Uma decisão do Tribunal Regional Federal (TRF) da 3ª Região, sediado em São Paulo, retirou o terço de férias da base de cálculo das contribuições ao Senai de uma indústria. A decisão chama a atenção porque aplica precedente do Superior Tribunal de Justiça (STJ) ao caso, mesmo depois de o Supremo Tribunal Federal (STF) ter decidido em sentido contrário. A Procuradoria-Geral da Fazenda Nacional (PGFN) recorreu.

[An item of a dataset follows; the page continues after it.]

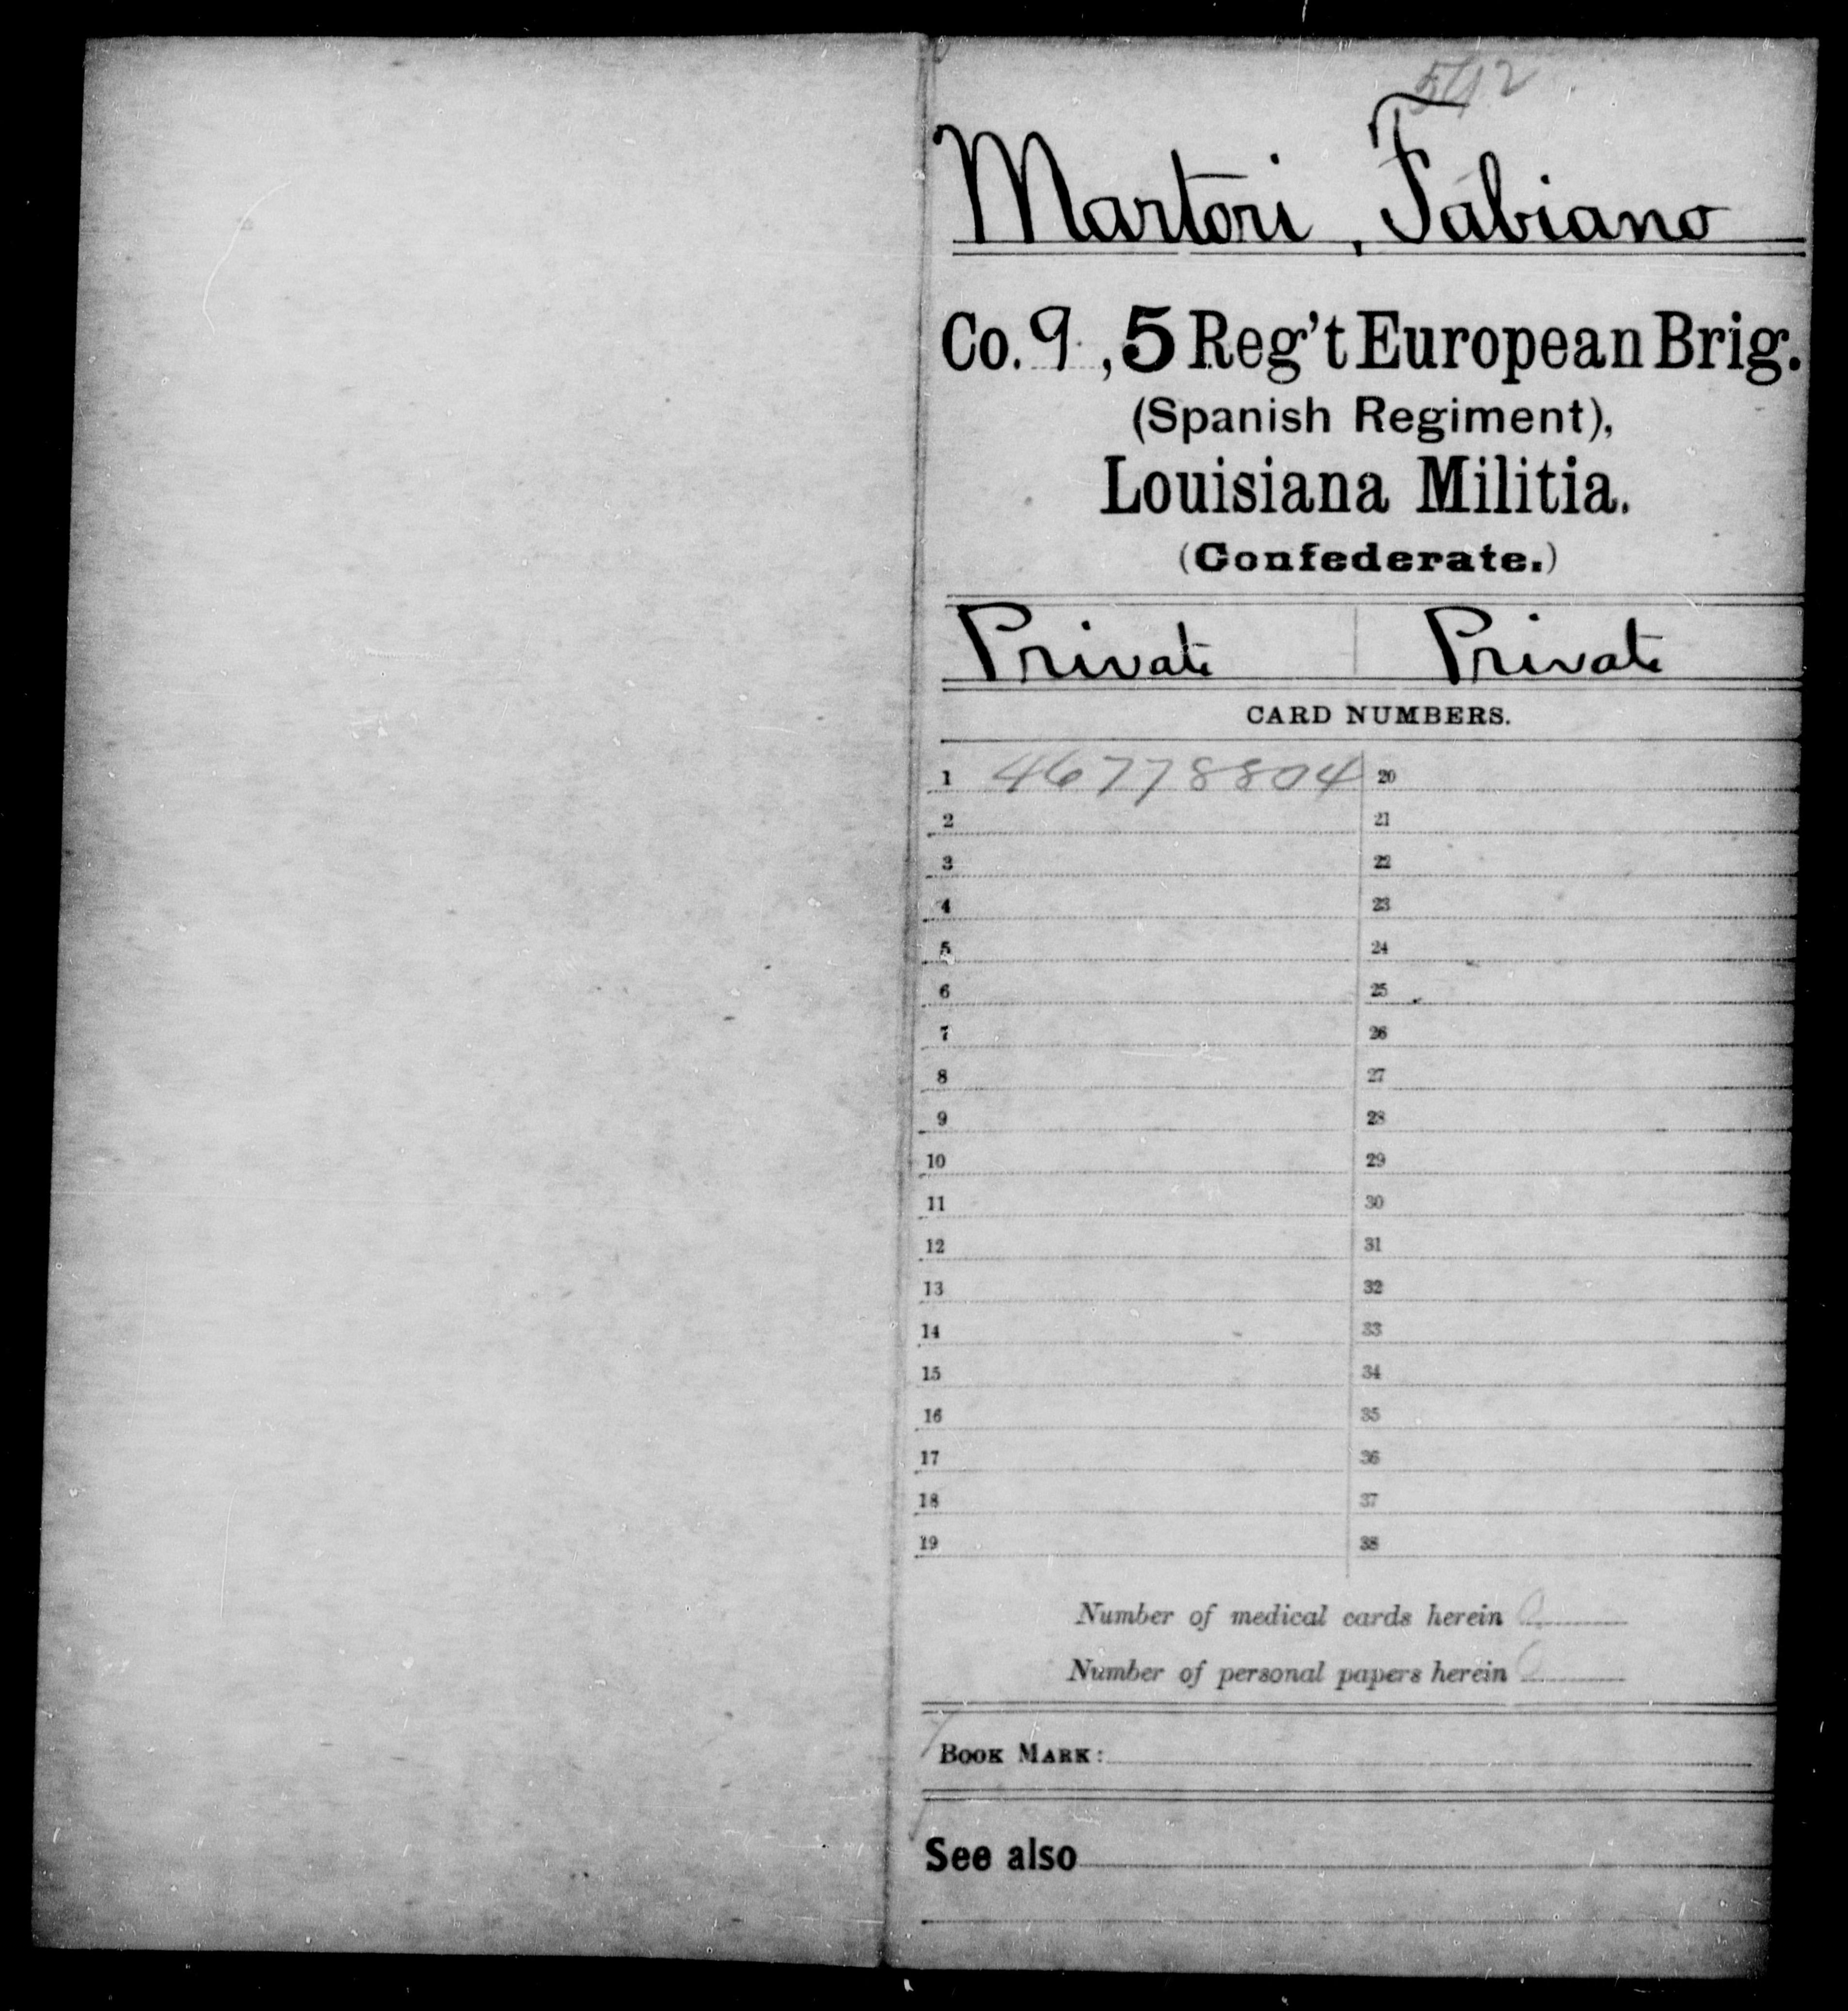 Confederate Soldiers from the State of Louisiana - Martori, Fabiano - Fifth Regiment, European Brigade (Spanish Regiment)

Com a repercussão geral, em agosto, o STF definiu que a cobrança de contribuição previdenciária sobre o terço de férias é constitucional. Ainda será julgado recurso sobre a aplicação da tese para o passado – o que pode levar a um impacto de cerca de R$ 100 bilhões às empresas. Mas, em fevereiro de 2014, o STJ havia decidido, em recurso repetitivo, que a incidência da contribuição patronal sobre o terço constitucional de férias é ilegal.
No caso da Wapmetal Indústria e Comércio de Molas e Estampado, o terço de férias havia sido considerado verba indenizatória pelo TRF. Por isso, foi retirado da base de cálculo da contribuição ao Senai. O recurso da Fazenda foi negado. Mas, depois disso, o tema foi julgado com repercussão geral pelo STF. A Fazenda apresentou, então, novo recurso ao tribunal regional.
A decisão é da 3ª Turma do TRF. Segundo a relatora, juíza federal convocada Denise Avelar, o julgamento do STF, em repercussão geral, é de observância obrigatória, mas o do STJ, em repetitivo, também é. Para ela, a decisão do TRF não afronta a repercussão geral do STF porque não há declaração de inconstitucionalidade da tributação. E, como o STJ decidiu que esta cobrança contraria lei infraconstitucional, ela não poderia ser mantida.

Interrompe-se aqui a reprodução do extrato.